Carrie Rawlins, an Executive School Leadership (ExSL) student, has been an educator for 20 years. She has taught elementary, worked as a counseling psychologist, and been a district instructional coach. Her master’s project began as she researched with Shannon Dulaney, a professor in the Department of Educational Leadership and Foundations. They were looking at data from a school in Provo School District and found that one teacher had helped a higher percentage of her English Language Learning students become proficient in the language arts test than the other teachers at that grade level.

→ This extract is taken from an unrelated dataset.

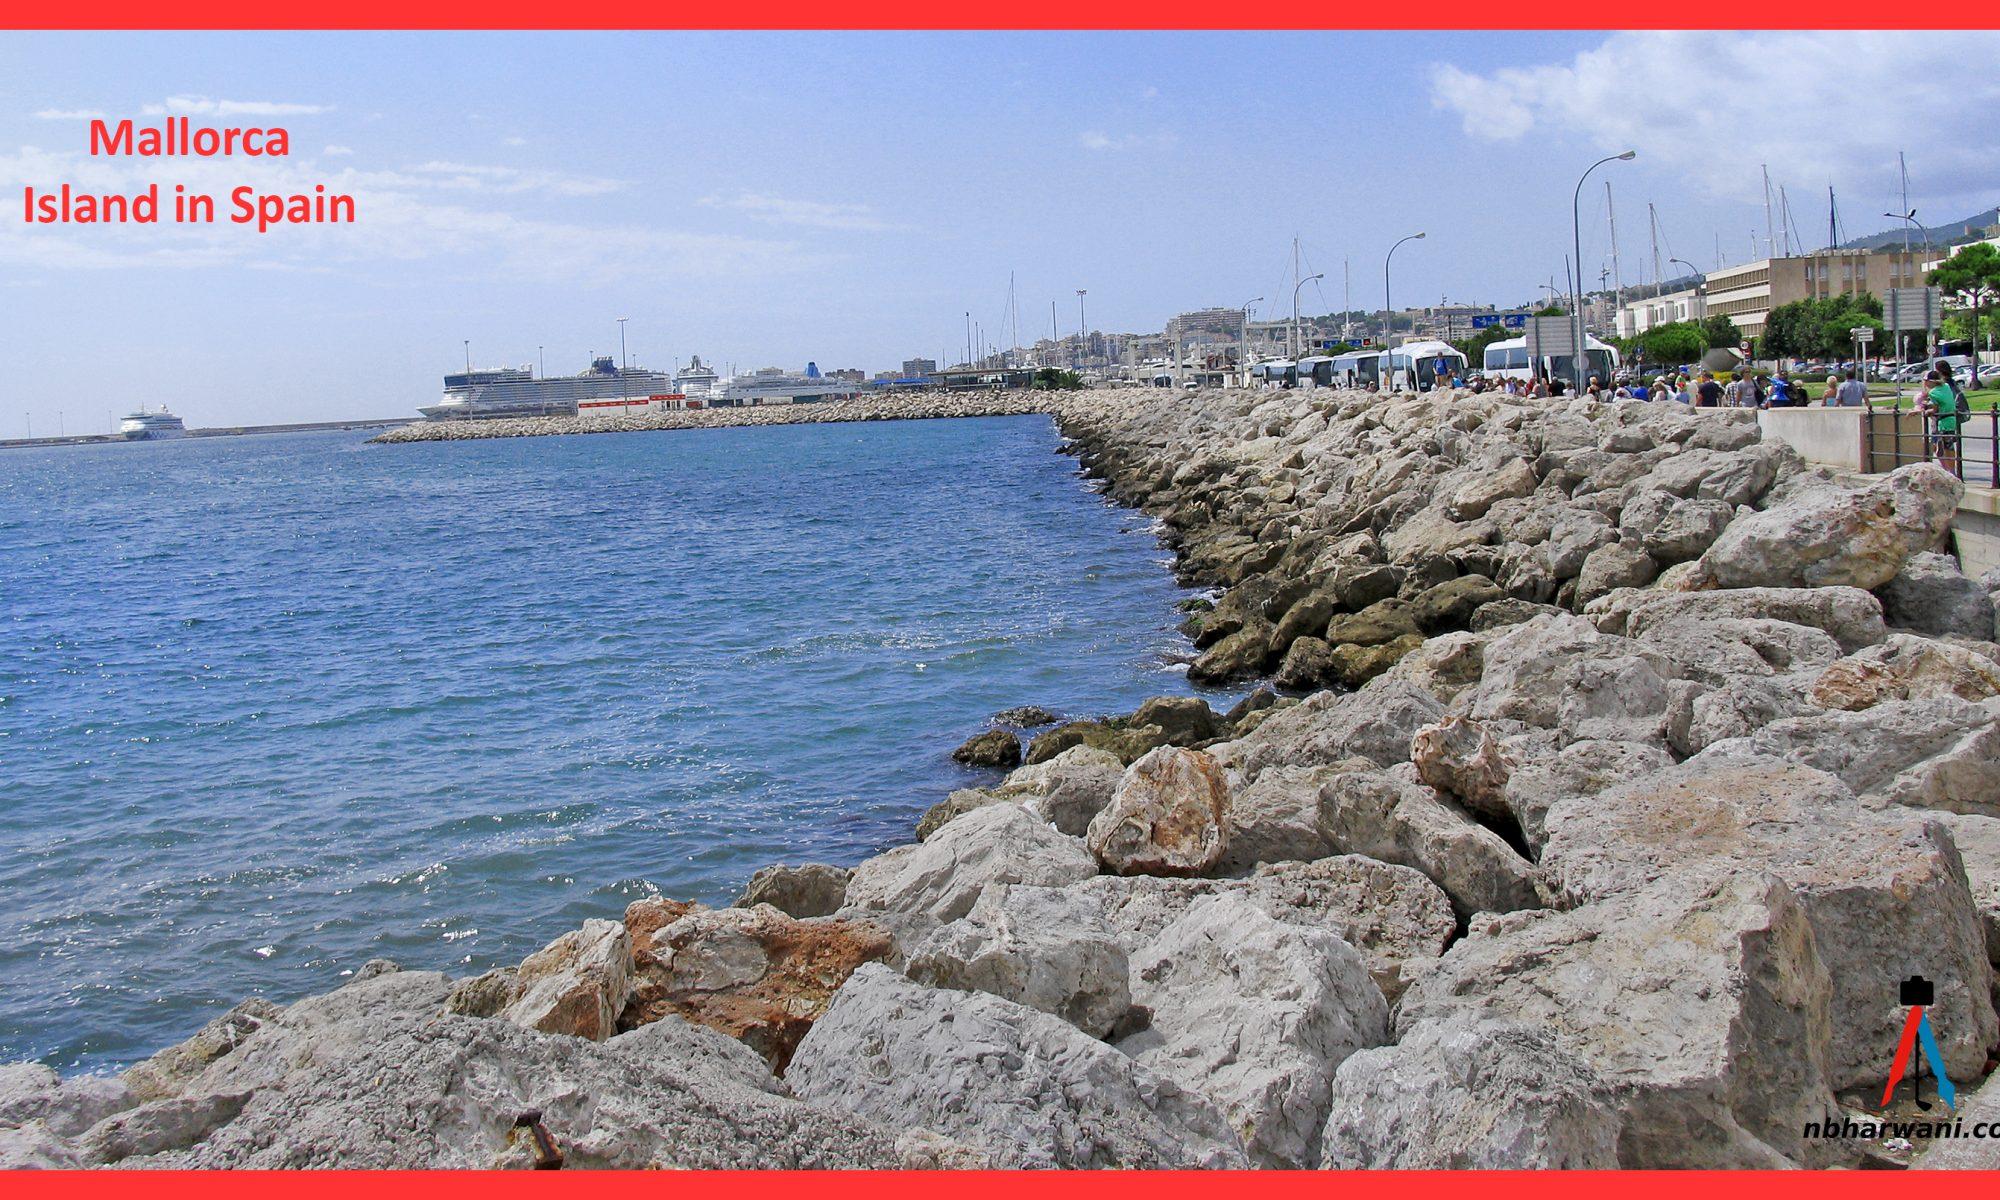 Mallorca (Majorca) is one of Spain's Islands in the Mediterranean. (Dr. Noorali Bharwani)

“My master’s project involved looking at data and then setting up a peer coaching model where teachers could identify their areas of strengths and weaknesses and be able to talk with other teachers about what they wanted to observe and learn,” Rawlins said. “They had a pre-conference followed by observation sessions and a final post-conference where they talked about what they observed and how they could change their own instructional practices for the better.”
Rawlins said the number one effect she has observed from this peer-coaching model is an increased trust between teachers and the effectiveness of PLCs. She said she has also seen students become more engaged in learning as well as an increase in positive response levels to grade-level interventions. She also believes the coaching model has helped improve the instructional practice community atmosphere in the school.
“I hope that the trust continues between all of the teachers in the school,” Rawlins said. “I hope as new teachers come on board in the school, they will feel there is a collaboration mentality and that teachers won’t be afraid to have people come in and observe or to go in and observe other classrooms. It will be a more open-door environment, so the teachers will be able to feel safe and free to share those things that have maybe been a little bit more guarded in the past.”
Rawlins is originally from Idaho Falls, Idaho. She loves sports, art and education as well as spending time with her six nieces and nephews who are also attending BYU.